YOUR GOAL: Copy task. Retype the whole listing exactly, omitting any picture in it.

SUPPLIED MATERIAL:
----
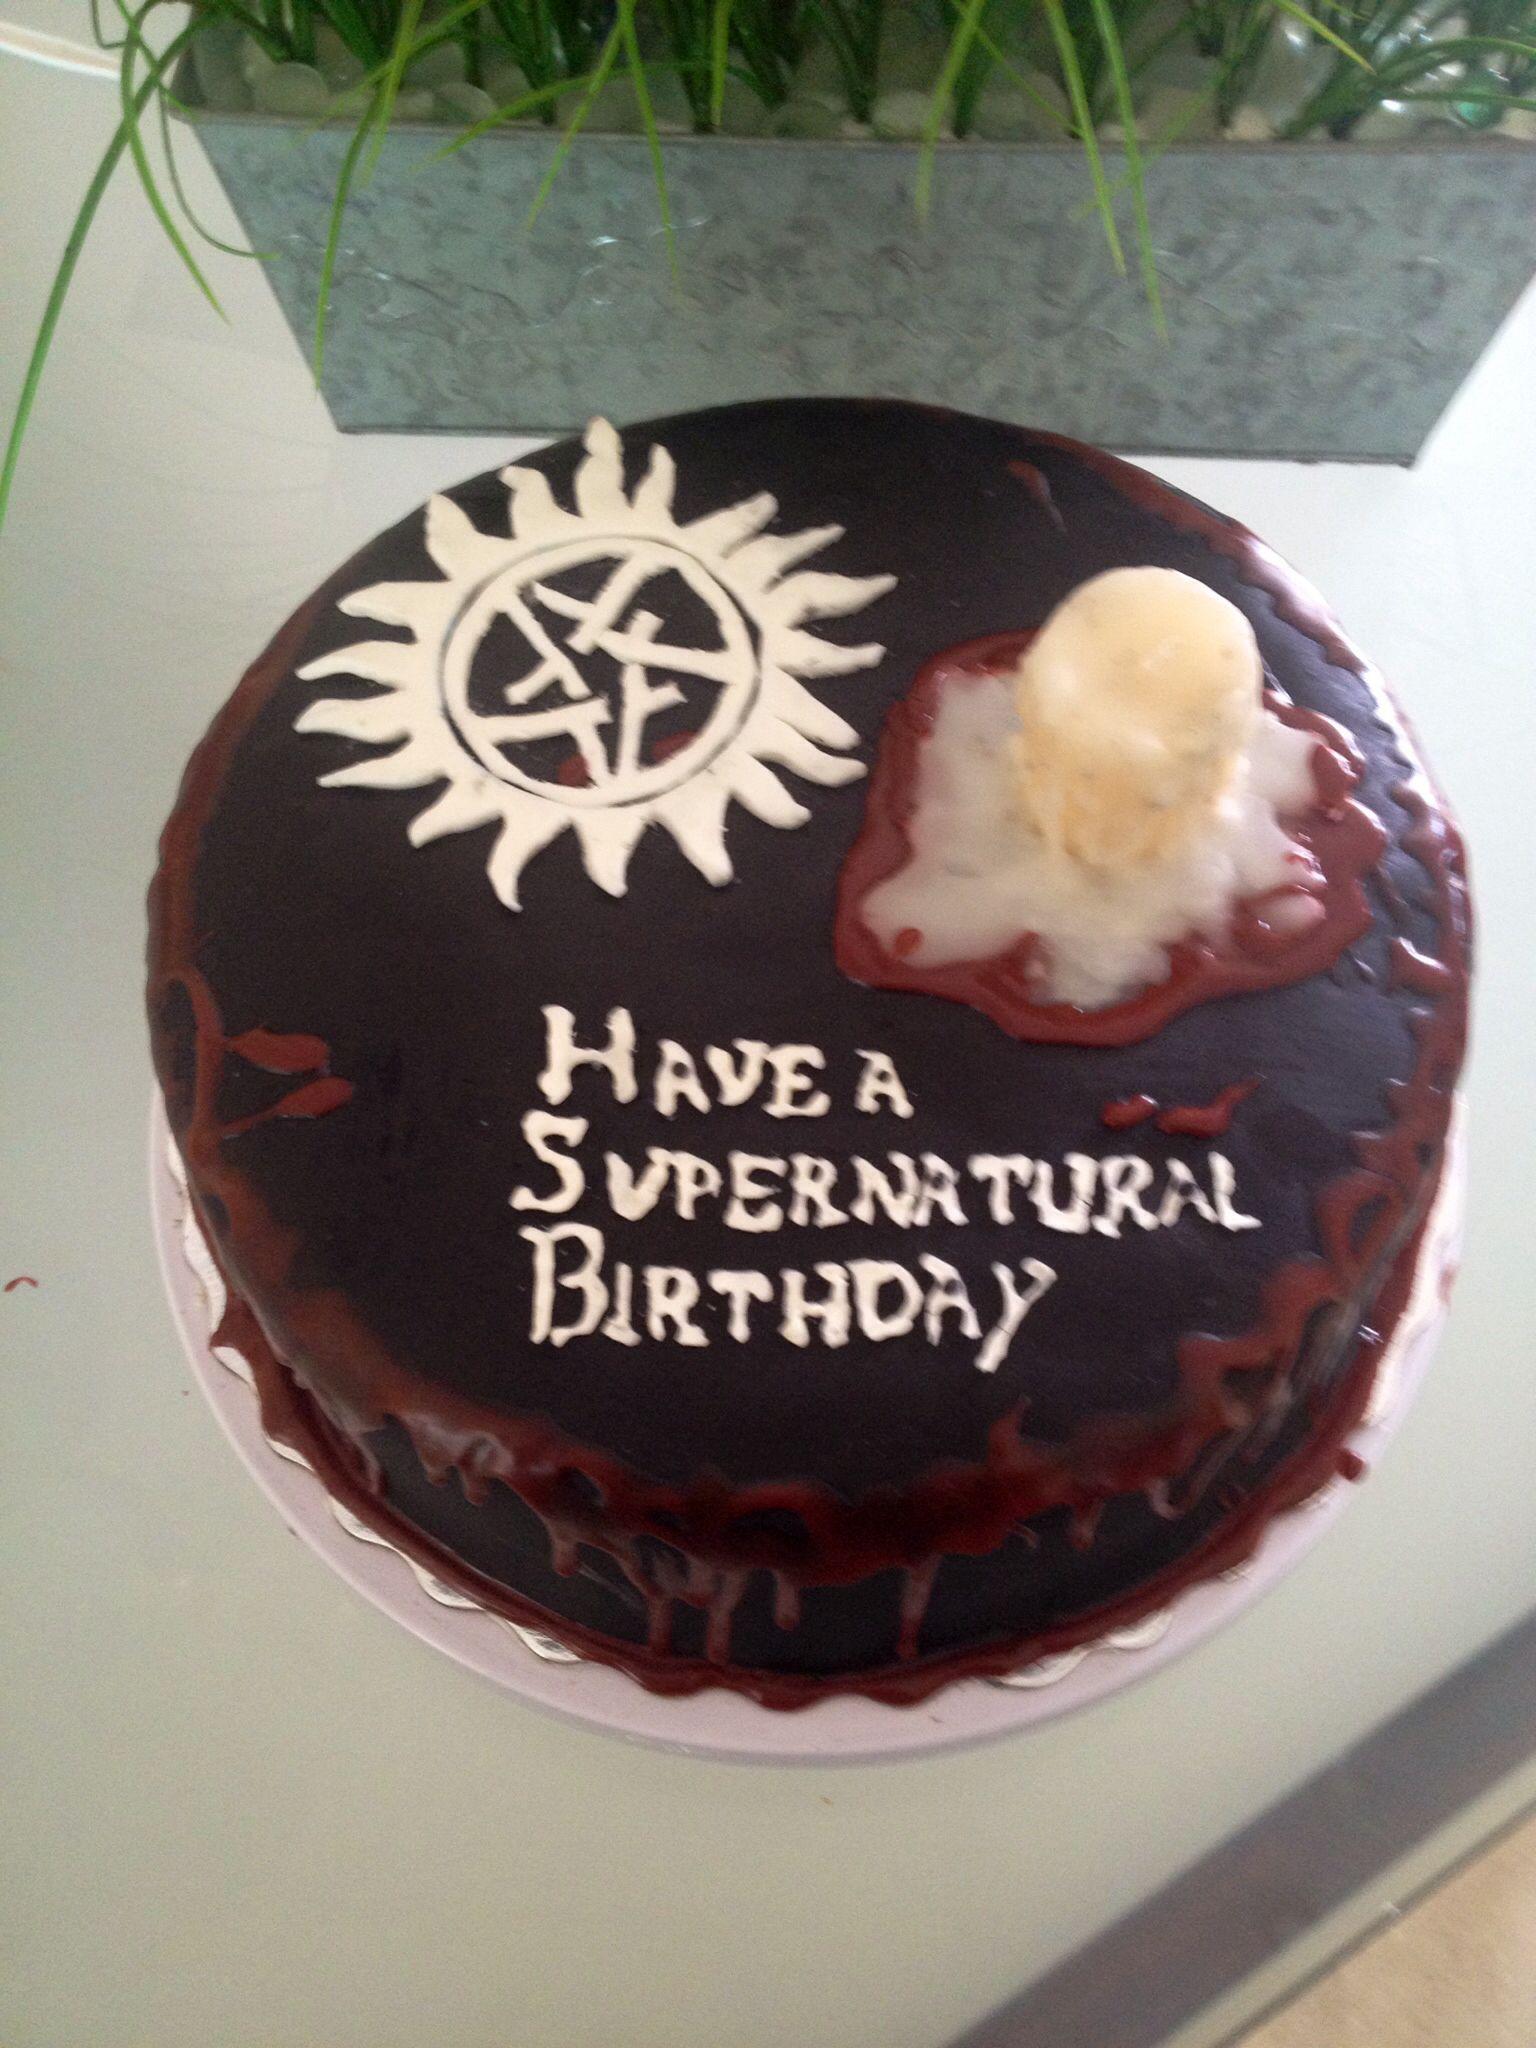 Supernatural cake | Supernatural cake, Supernatural ...
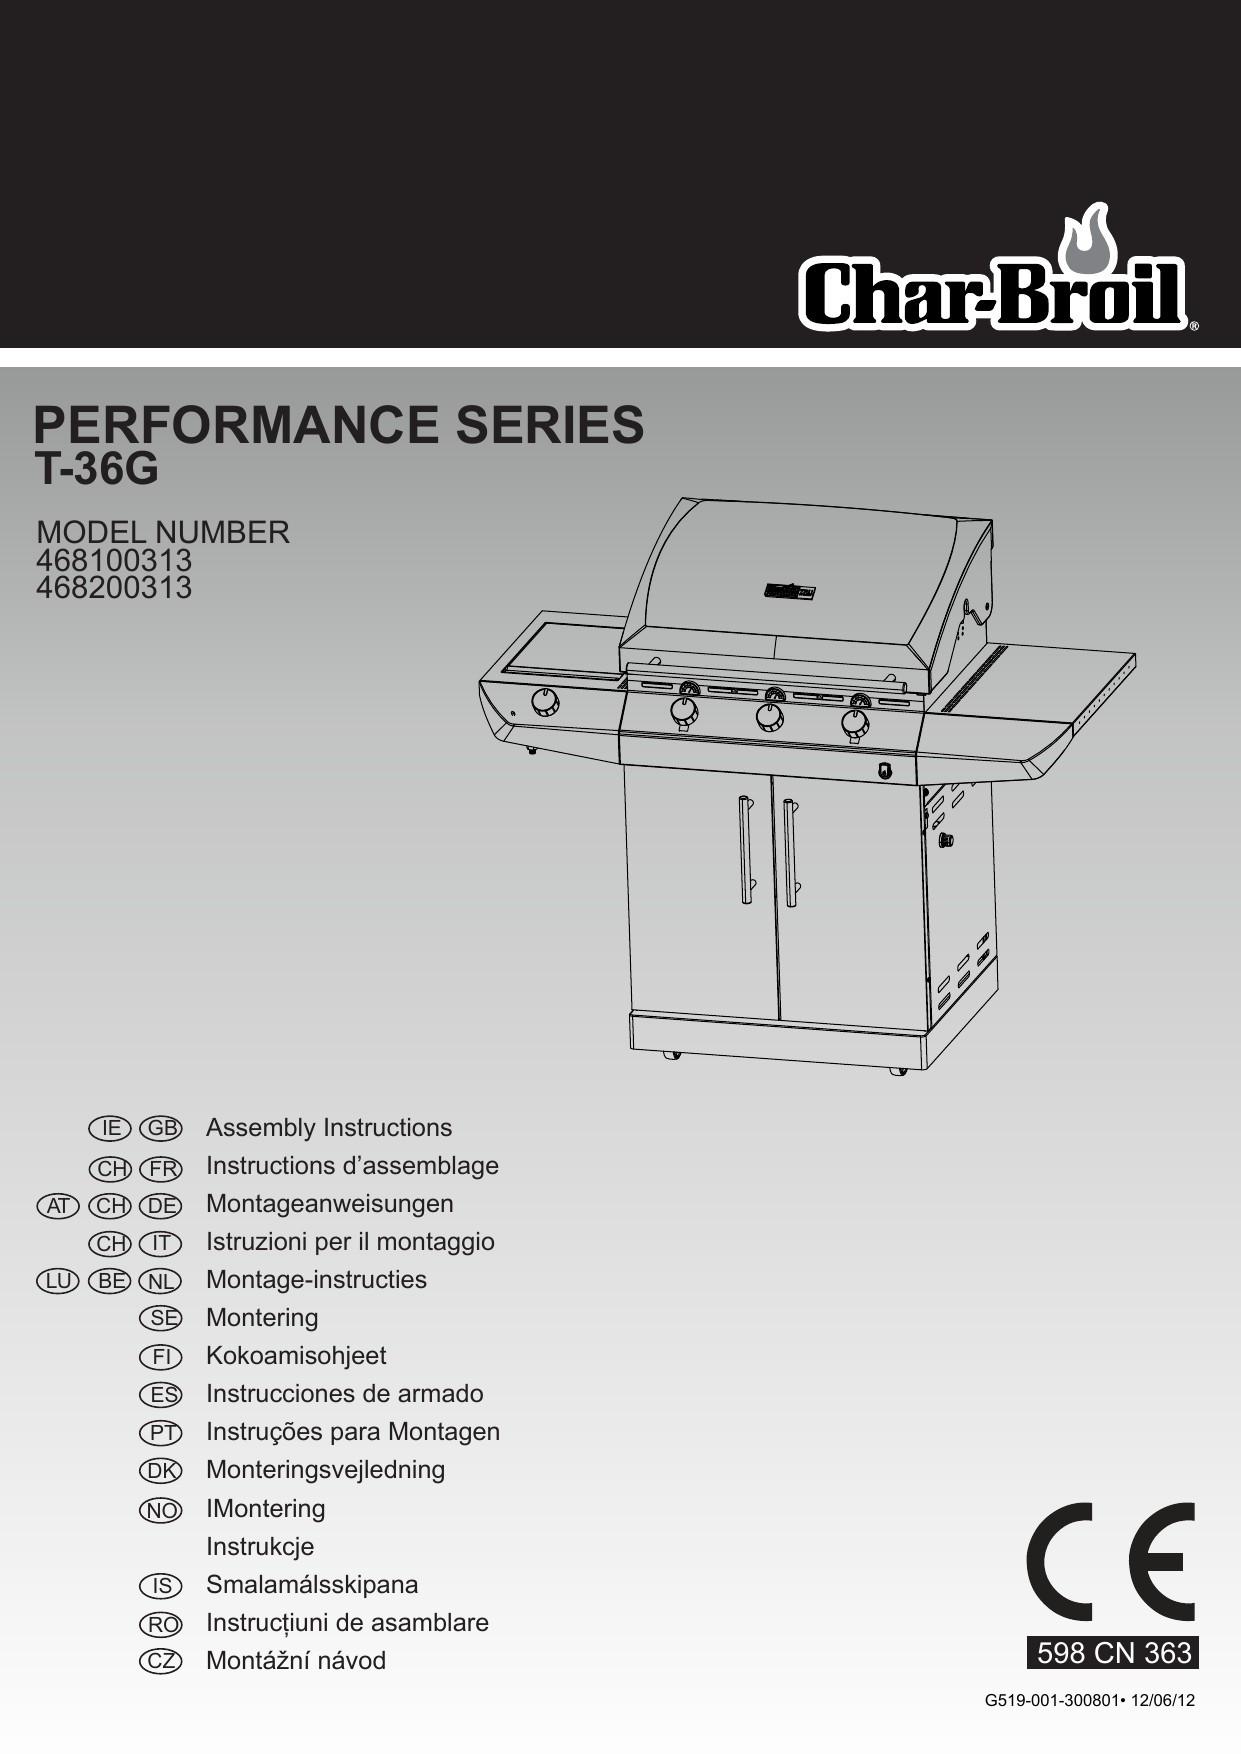 Charbroiler Pellet Grill Wiring Diagram Char Broil Parts Diagram Of Charbroiler Pellet Grill Wiring Diagram
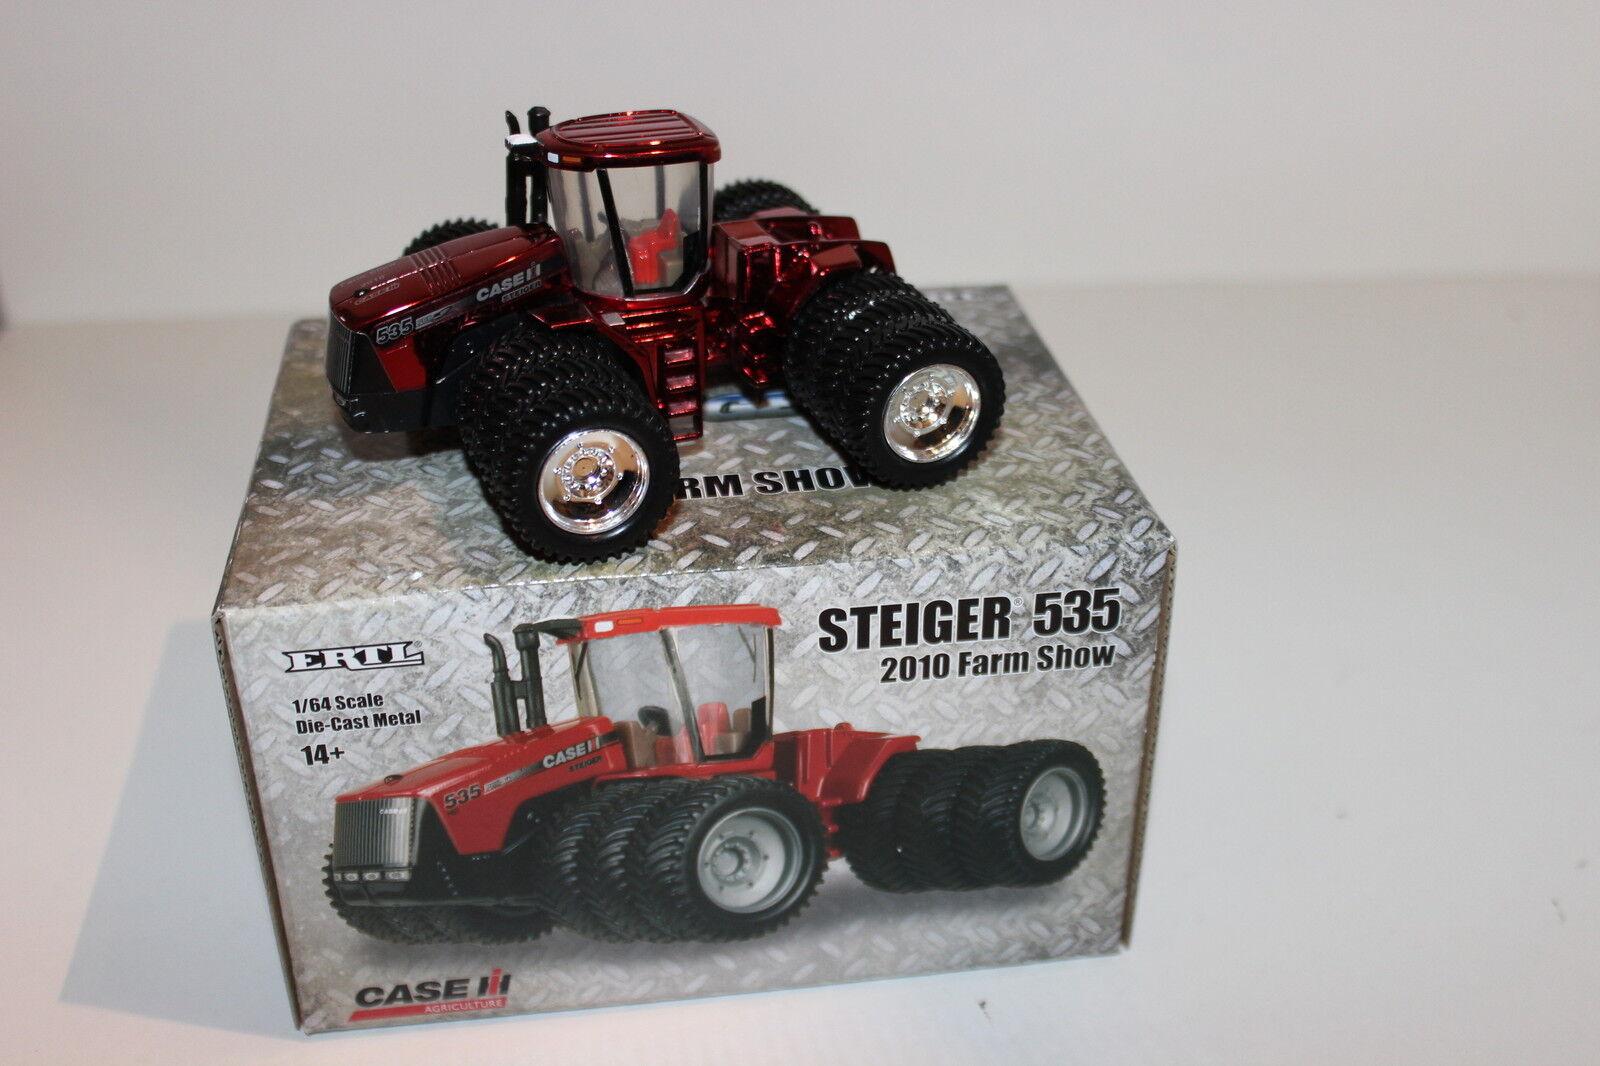 Ertl 1 64 Case IH Steiger 535 Chrome Chaser Chaser Chaser 2010 Farm Progress Show Tractor NIB e3f5e2
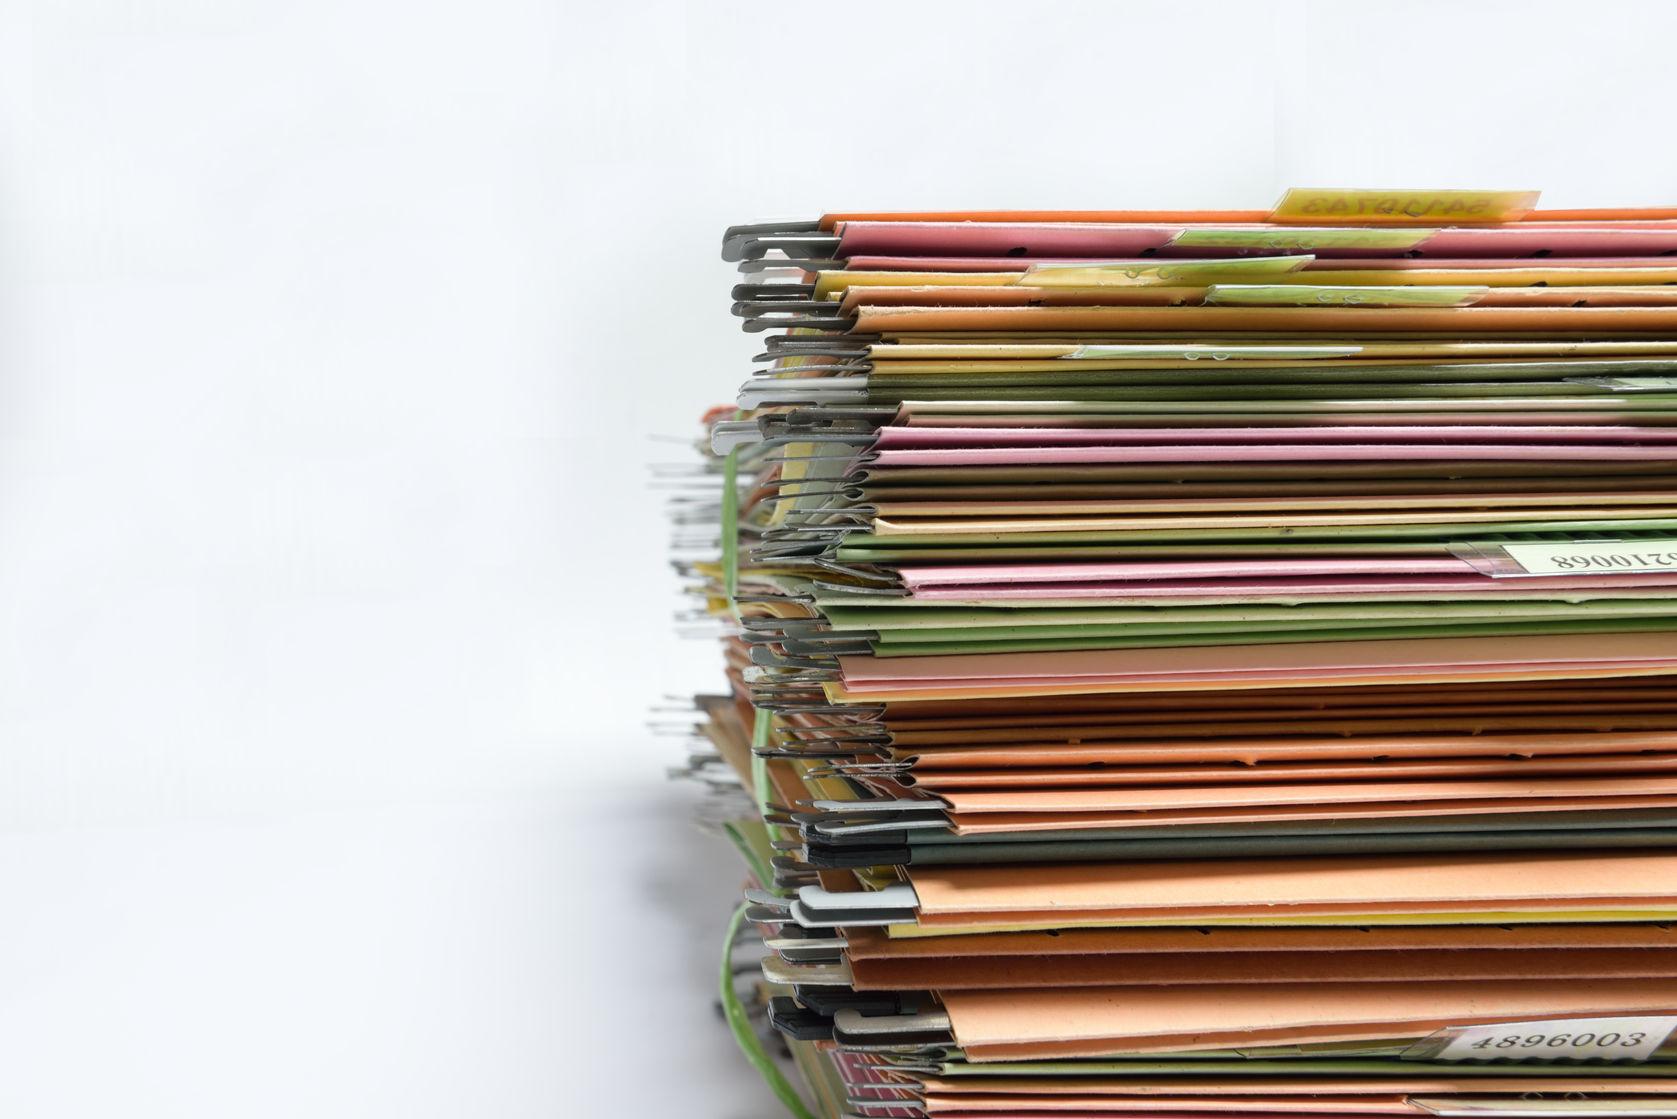 files - cryptocurrencies legal
----
PROBLEM SOLUTION:
 Supernatural cake | Supernatural cake, Supernatural ...
 Charbroiler Pellet Grill Wiring Diagram Char Broil Parts Diagram Of Charbroiler Pellet Grill Wiring Diagram
 Ertl 1 64 Case IH Steiger 535 Chrome Chaser Chaser Chaser 2010 Farm Progress Show Tractor NIB e3f5e2
 files - cryptocurrencies legal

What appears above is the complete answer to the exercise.